TASK BRIEF
Although the material holds pictures, none belong in the copy; transcribe exactly, and only, the lines from the one with "Cortex Starter 85kg" through the end.

SUPPLIED DATA
#####

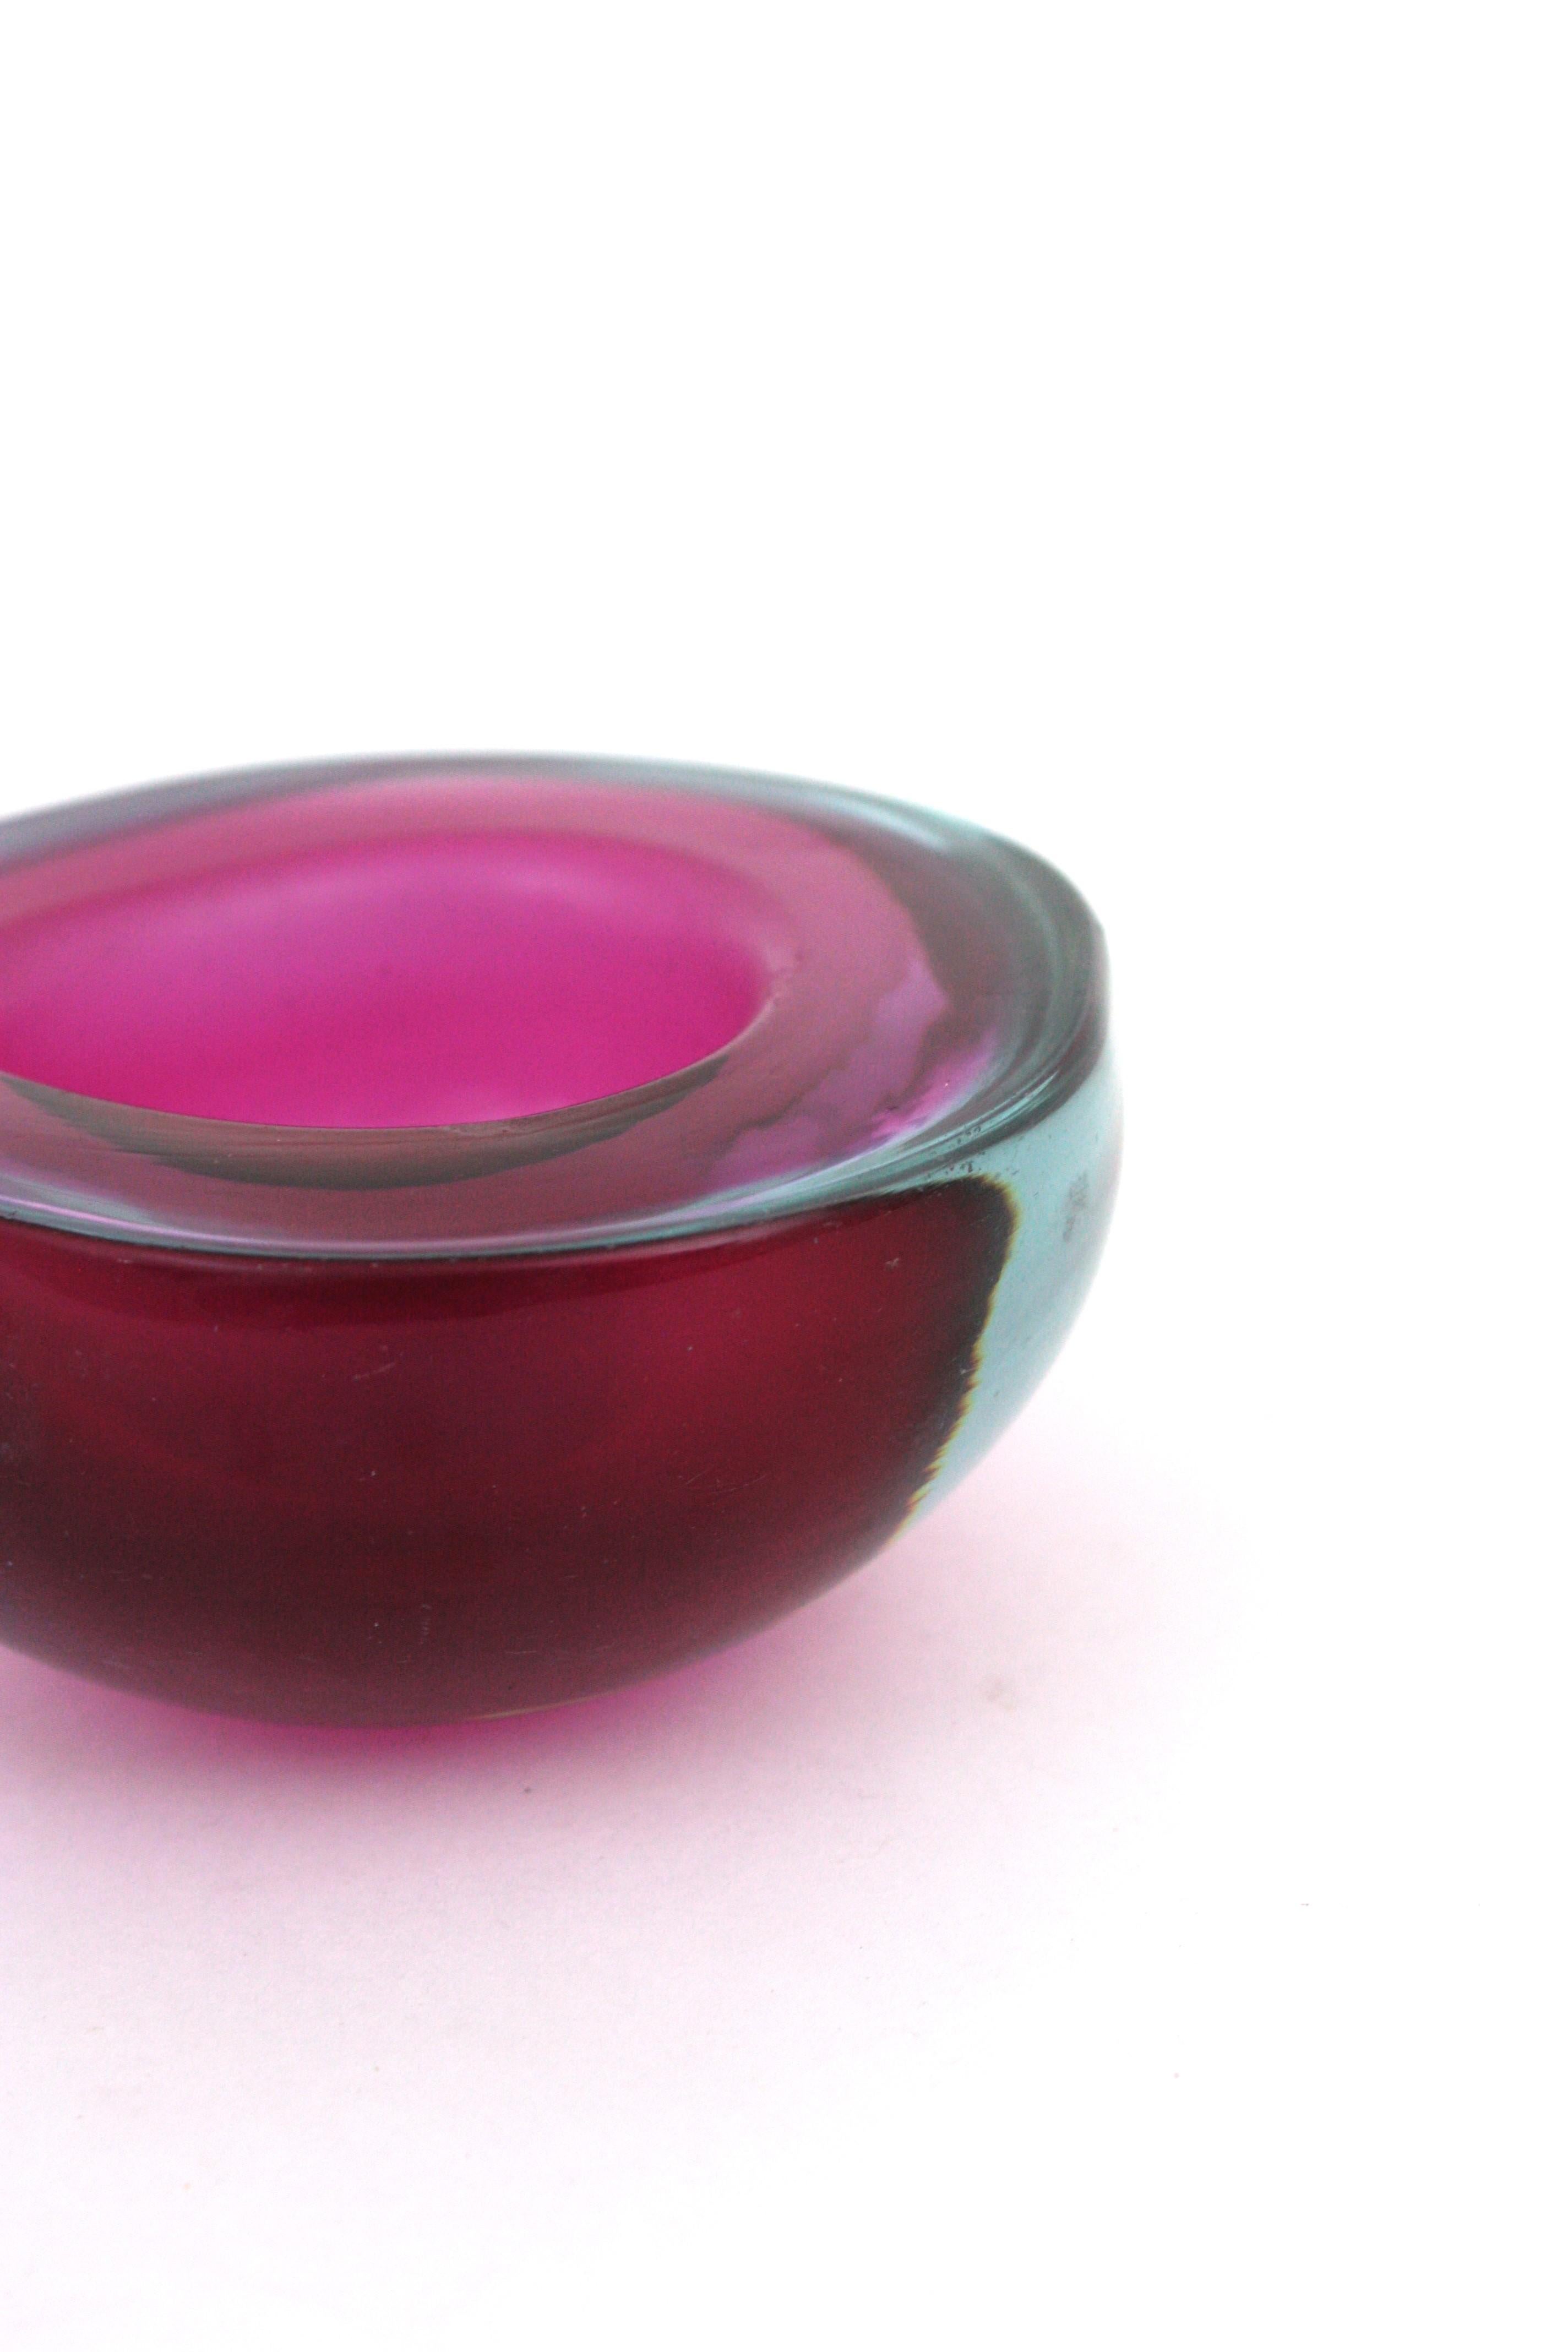 Seguso Murano Sommerso Pink Fuchsia Glass Geode Triangle Art Glass Bowl For Sale 4
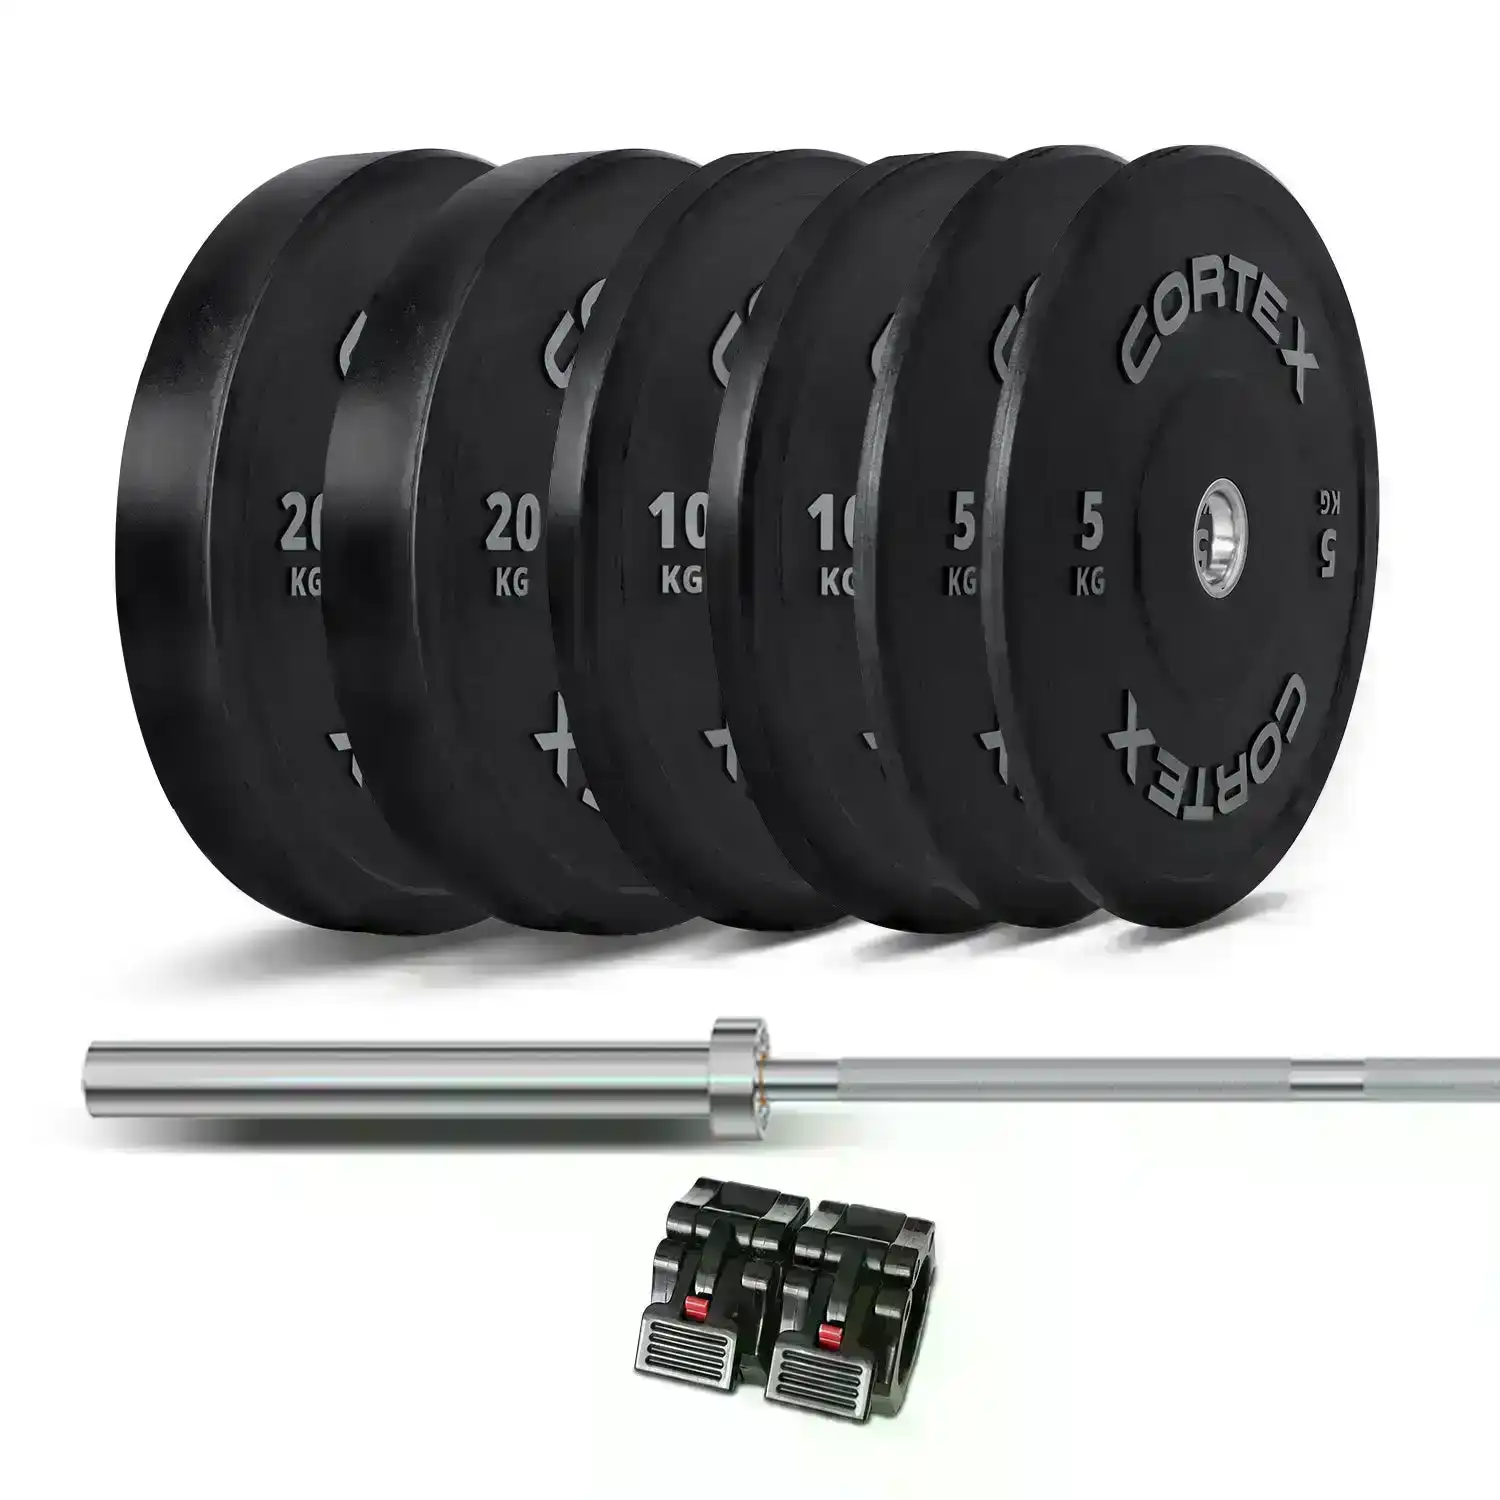 Cortex Starter 85kg Black Series Bumper Plate V2 Package with SPARTAN200 Barbell
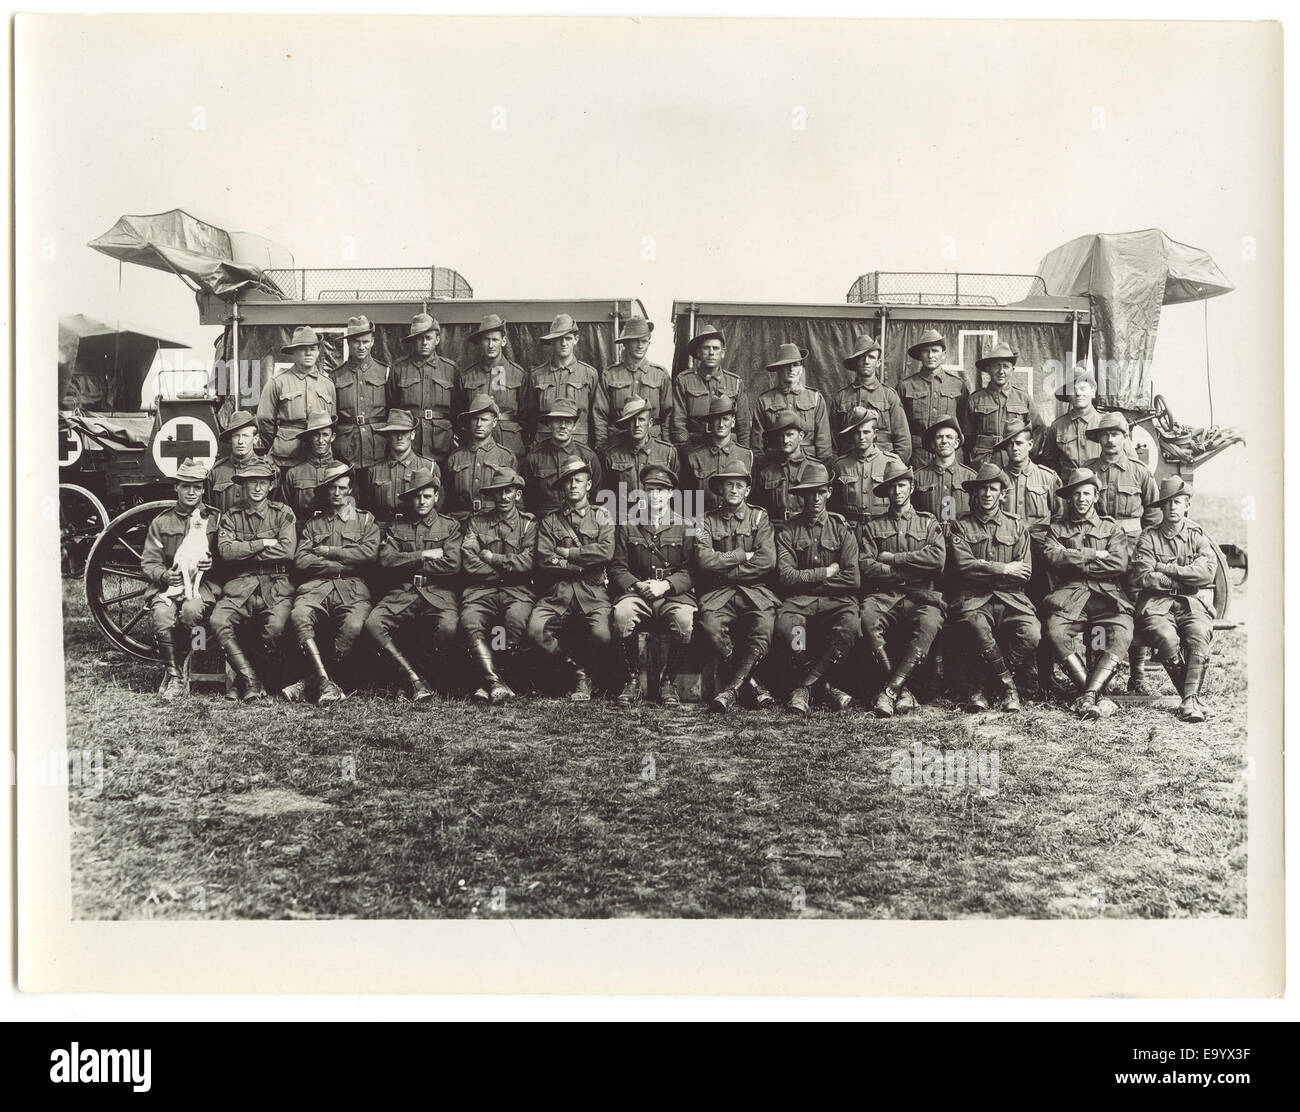 Major Lowe and Transport Section, 5 Field Ambulance [group portrait in front of vehicles] - taken by Official Photographers Major Lowe and Transport Section, 5 Field Ambulance [group portrait 14645508250 o Stock Photo

#####

TASK RESULT
 Cortex Starter 85kg Black Series Bumper Plate V2 Package with SPARTAN200 Barbell
 Major Lowe and Transport Section, 5 Field Ambulance [group portrait in front of vehicles] - taken by Official Photographers Major Lowe and Transport Section, 5 Field Ambulance [group portrait 14645508250 o Stock Photo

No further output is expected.